## Try it
As the answer, give exactly the lines of the records below from the one with "Club Combo Polo Neck T-shirts (Pack of 4)" through the one with "A Design Expert", ends included and pictures left out.

## Supplied data

[Start of Attachment]

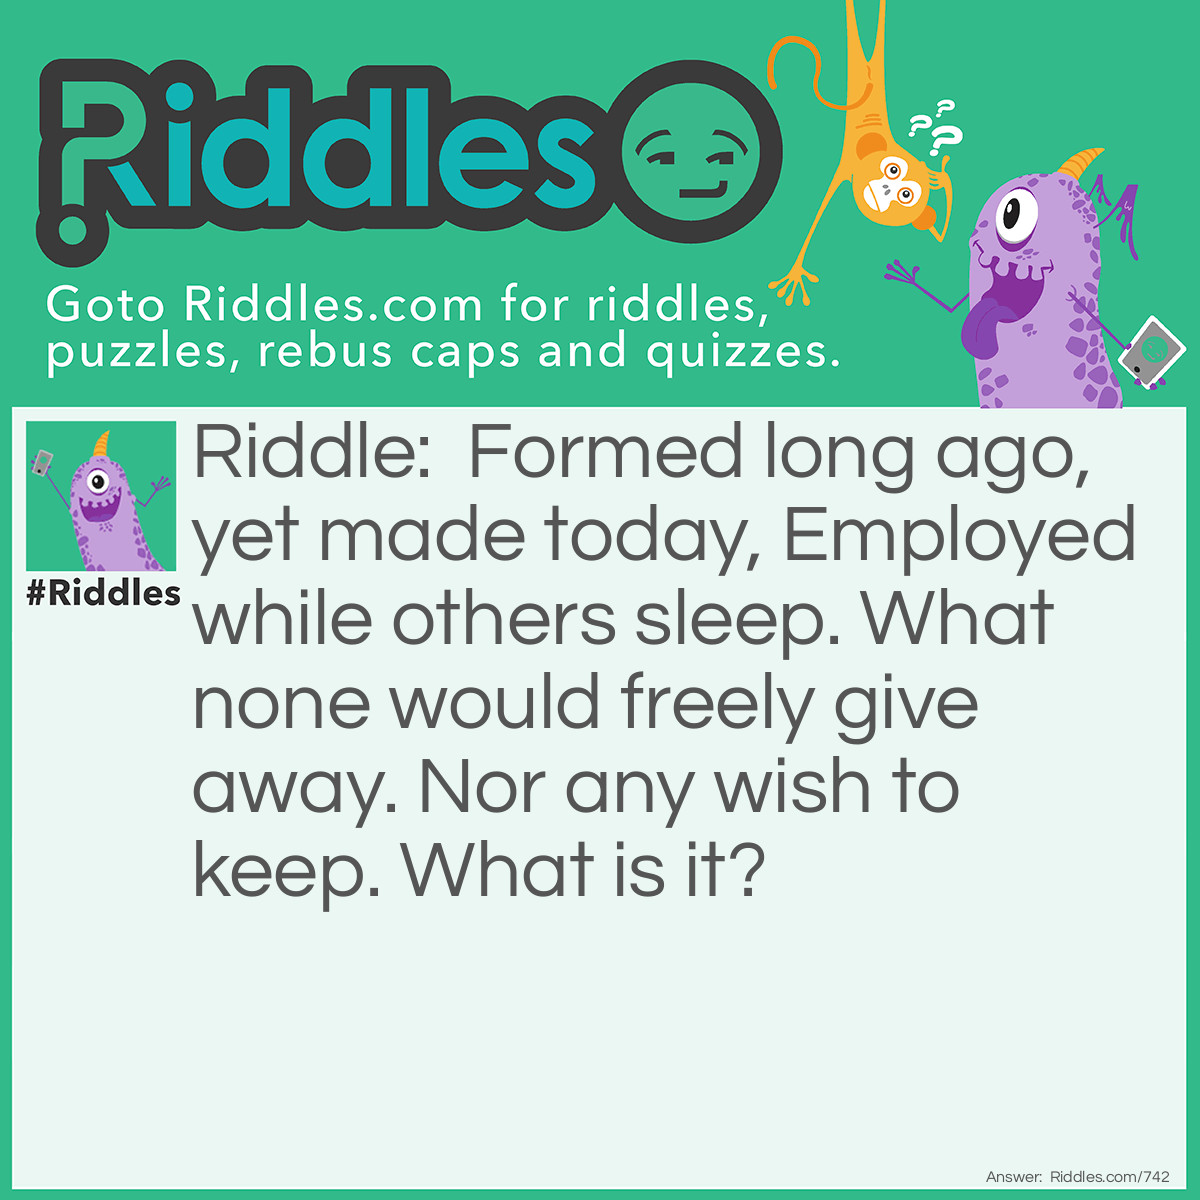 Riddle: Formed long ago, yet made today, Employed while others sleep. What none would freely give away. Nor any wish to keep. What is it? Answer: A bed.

[End of Attachment]
[Start of Attachment]

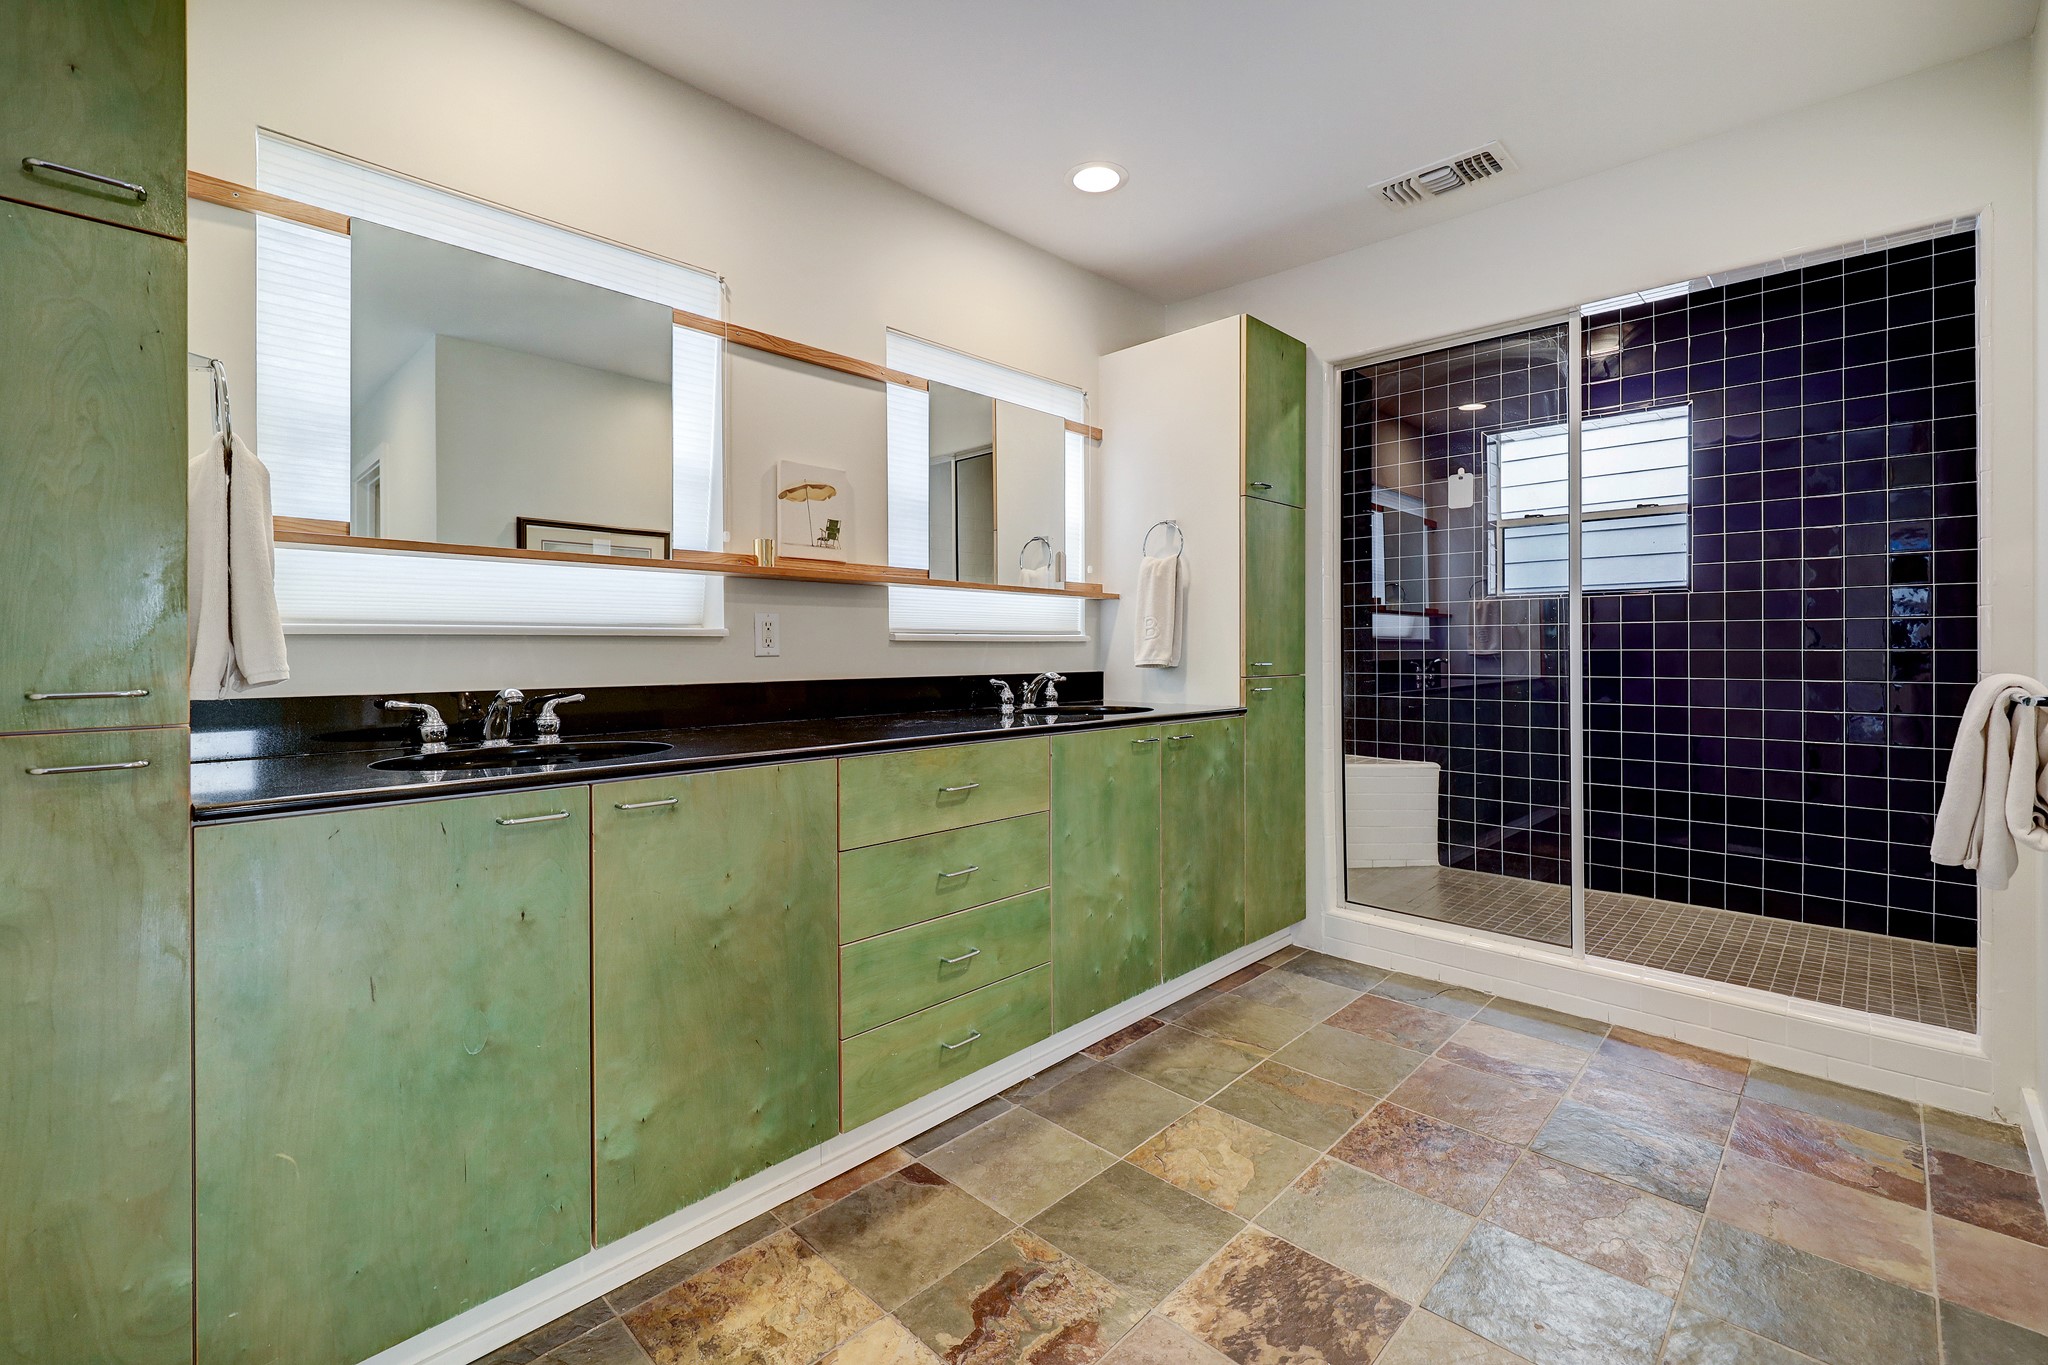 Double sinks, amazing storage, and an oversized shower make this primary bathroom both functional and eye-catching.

[End of Attachment]
[Start of Attachment]

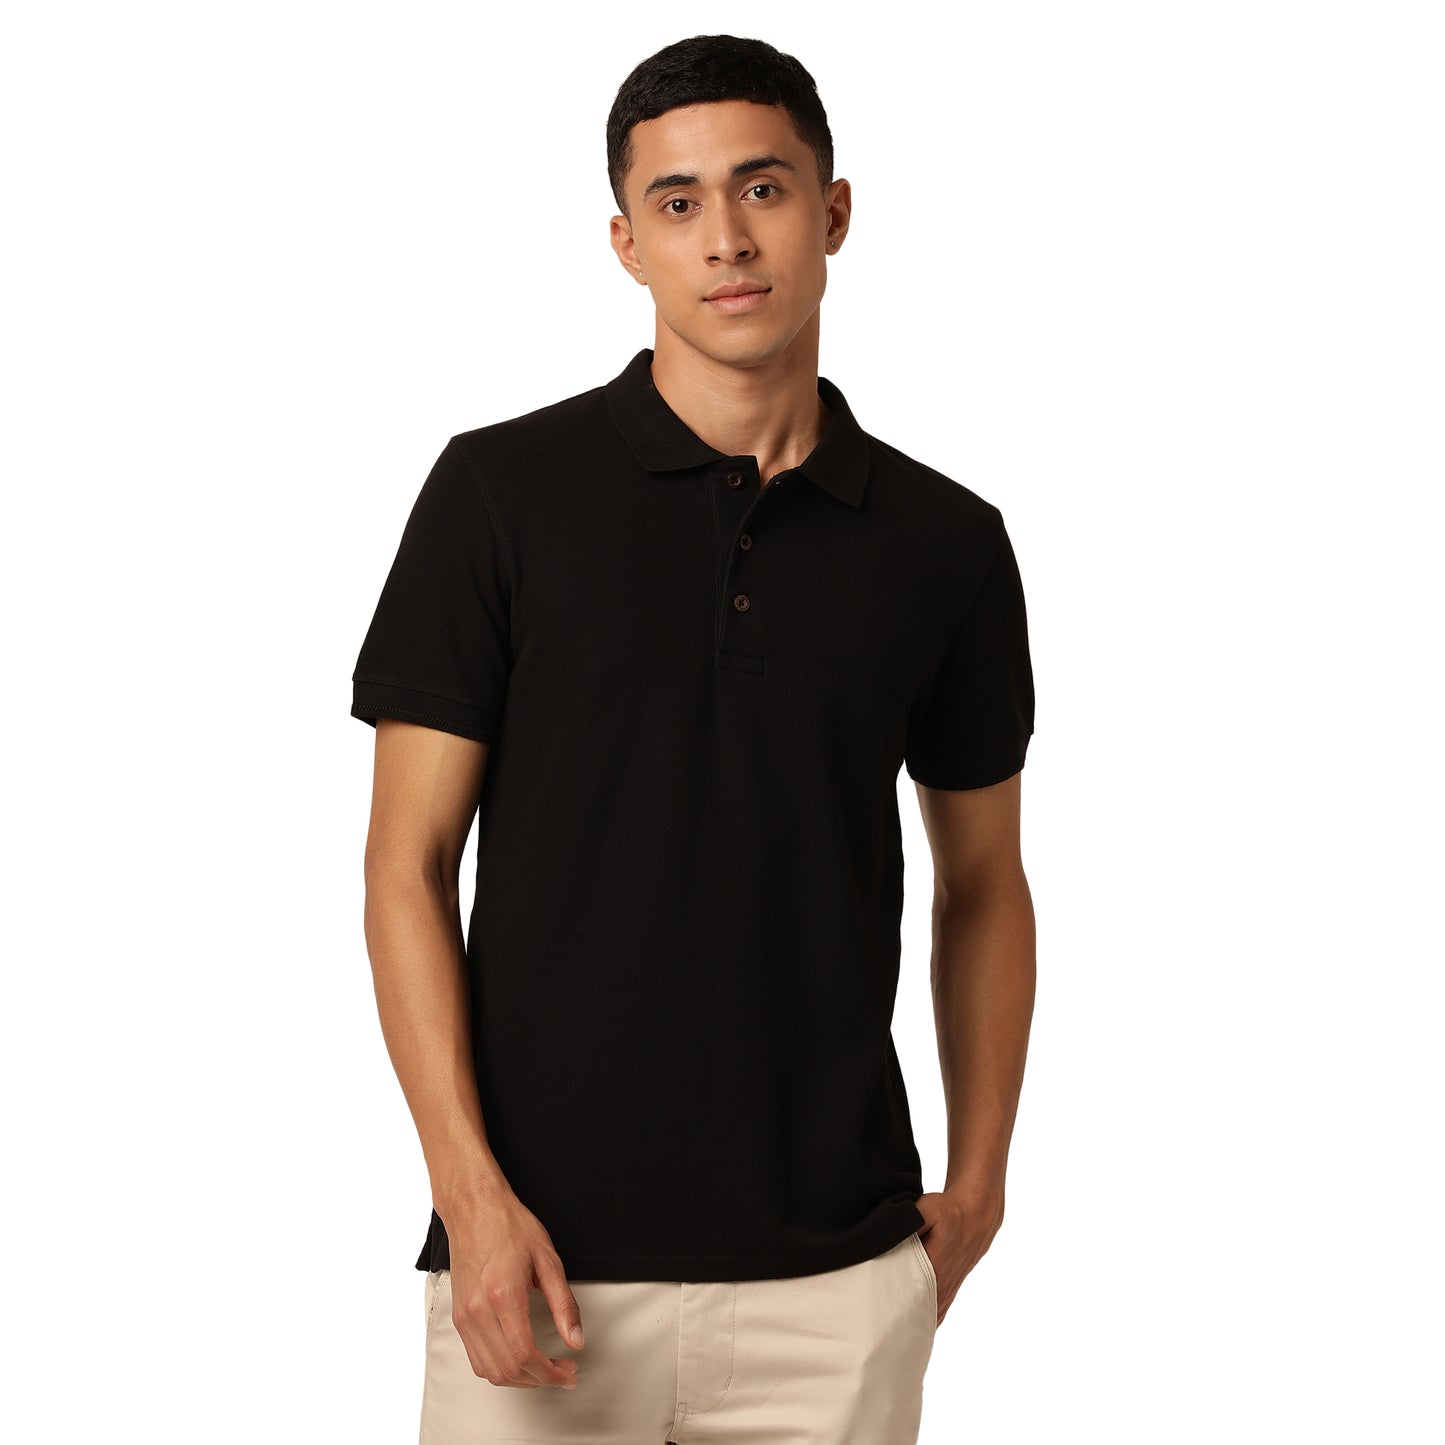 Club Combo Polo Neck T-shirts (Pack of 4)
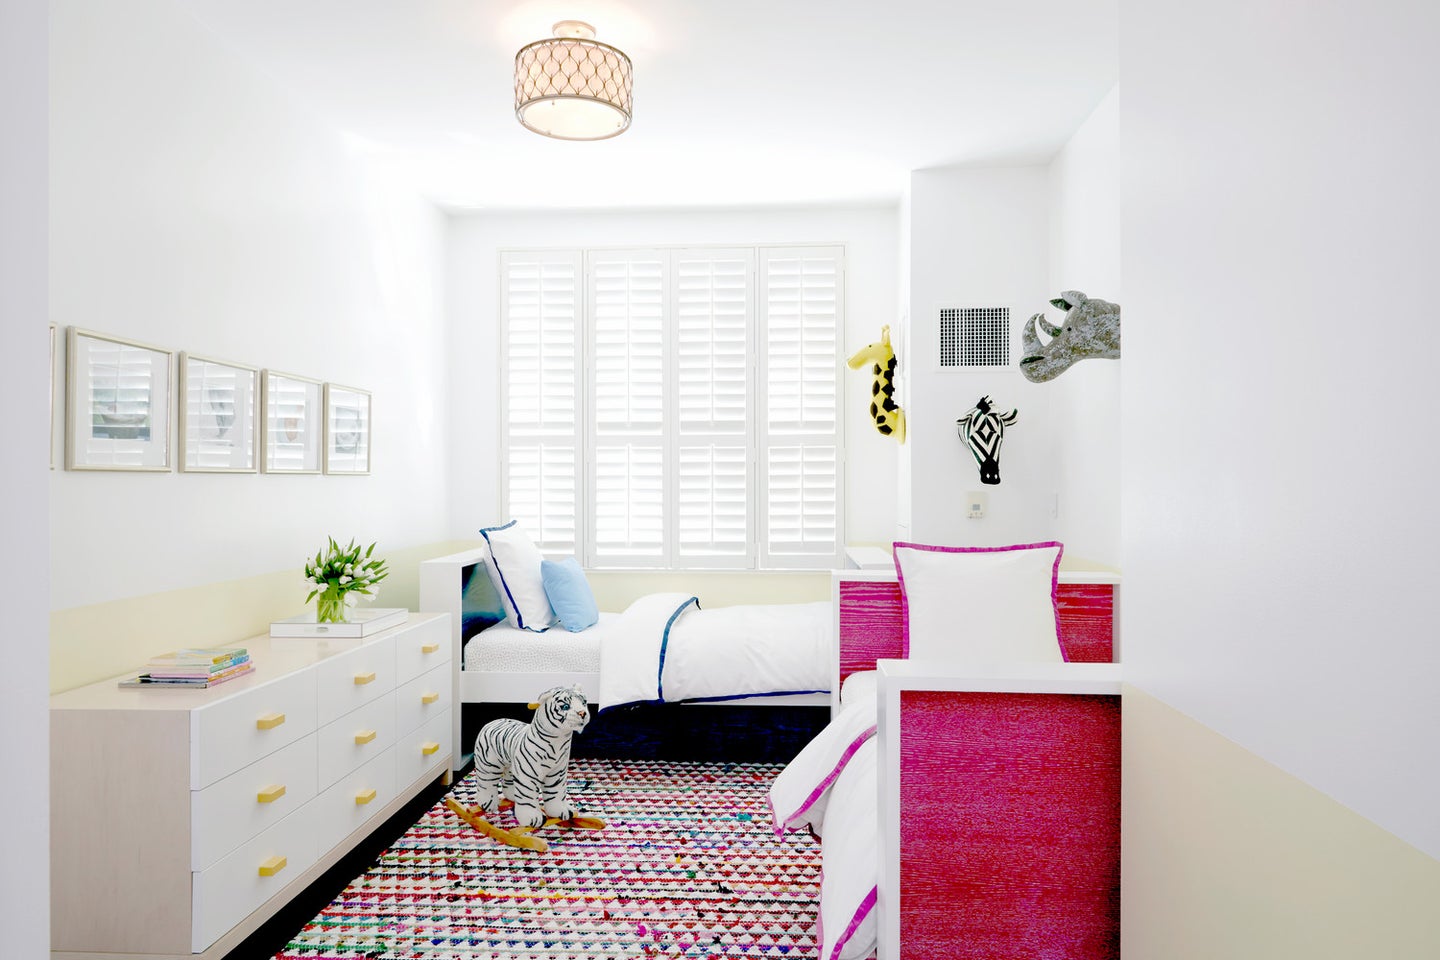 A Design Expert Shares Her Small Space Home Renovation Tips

[End of Attachment]

## Reply
 Club Combo Polo Neck T-shirts (Pack of 4)
 A Design Expert Shares Her Small Space Home Renovation Tips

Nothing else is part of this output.